Они осторожно вошли в коридор; с кухни просачивался свет; крадучись, прошли туда. За столом перед горящей свечкой, опустив голову, сидела турчанка.
– Милиция! – не крикнул, а совсем буднично сказал Фоменко и с автоматом встал сзади женщины.
Та не шелохнулась, словно и не слышала.
– Что вы здесь делаете? – спросил Донсков, кивнув Фоменко, уже двинувшемуся с автоматом наперевес в другую тёмную комнату.
Вспыхнула лампочка.
– Викентий Игнатьевич! – донёсся из другой комнаты голос старлея.
– Где Дзикановский? – спросил Донсков и почти не услышал своего осипшего голоса.
Прокашлявшись, сказал громче:
– Вы вошли сюда вдвоём. Где Викентий Игнатьевич?

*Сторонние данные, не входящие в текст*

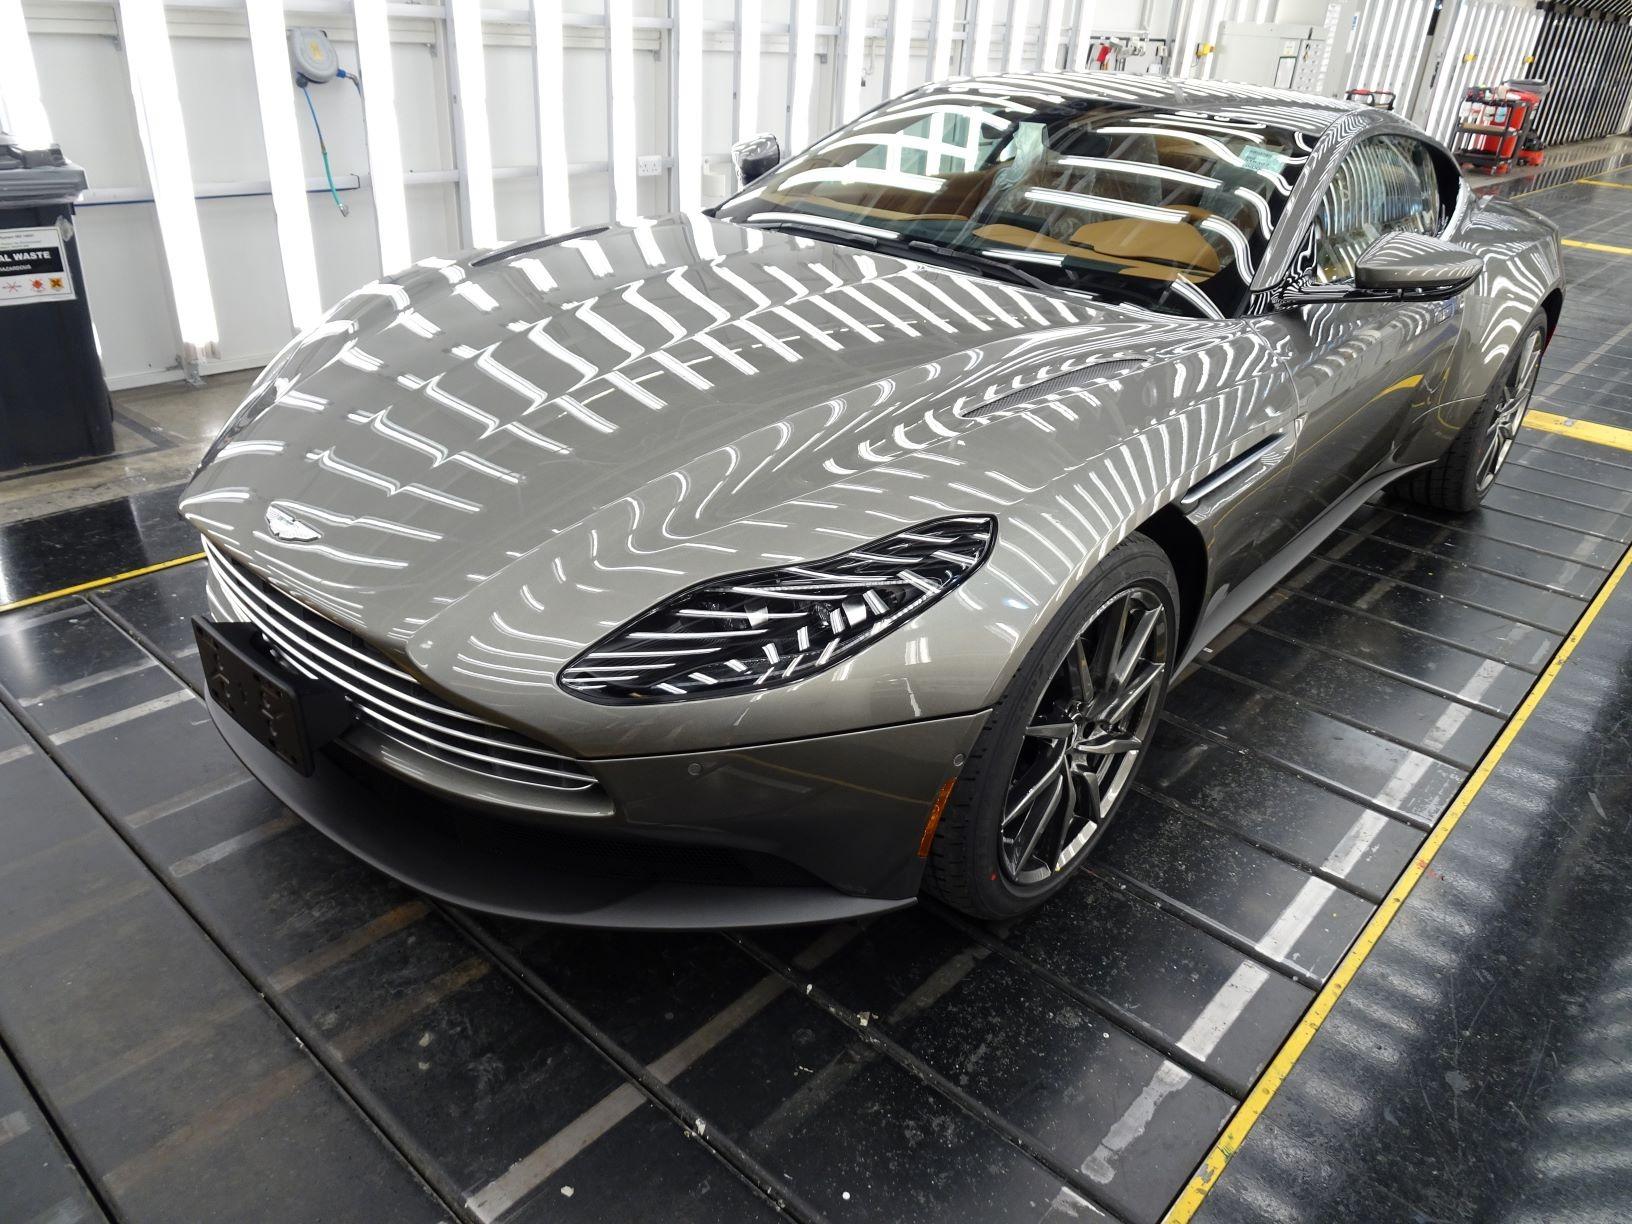 New 2021 Aston Martin DB11 V8 for sale $240,886 at Alfa Romeo of Greenwich in Greenwich CT 06830 1

Турчанка подняла на него голову, сняла шляпу, длинные, густые тёмные волосы рассыпались по её плечам. И зрачки у неё действительно были чёрными, огромными, слезились в белых роговицах.
– Господи! Как вы надоели! – сдерживая слёзы, произнесла едва слышно.
– Вот те раз! – дёрнулся Фоменко, уже возвратившись и готовый автоматом ткнуть её в спину от гнева. – А гадали – турчанка?.. иранка? Да она по-русски шпарит лучше нас! Говори, сволочь, где хозяин?
Женщина вздрогнула как от удара, глаза её сверкнули, и она зло усмехнулась.
– Павел Яковлевич! – осадил старлея Донсков, но женщина сжалась в комок и яростно прошептала:
– Сгинул хозяин. Проклял жестокий этот мир. Не поймать вам теперь его никакими ищейками.
,изо всех самая короткая, потому как, явь это или сон следует ещё разобраться, и героев в ней нет, как нет уже и лиц, на эти роли претендовавших
Видно, и этому должно было случиться. Весь на нервах последнюю неделю засиделся я в который раз до позднего вечера над делом коллекционера Семиножкина, расслабившись в тишине, и не заметил, как задремал прямо за столом в своём кабинете.
Сплю или наяву грезится? Не понять. Глаз не открывал, а вижу. Вот они. Двое. В одной команде были до последнего, до смерти. И смерть приняли, как им положено. Не в постели. Правда, и не в бою, но от чужой руки. Борцы… И были всегда во главе людской толпы.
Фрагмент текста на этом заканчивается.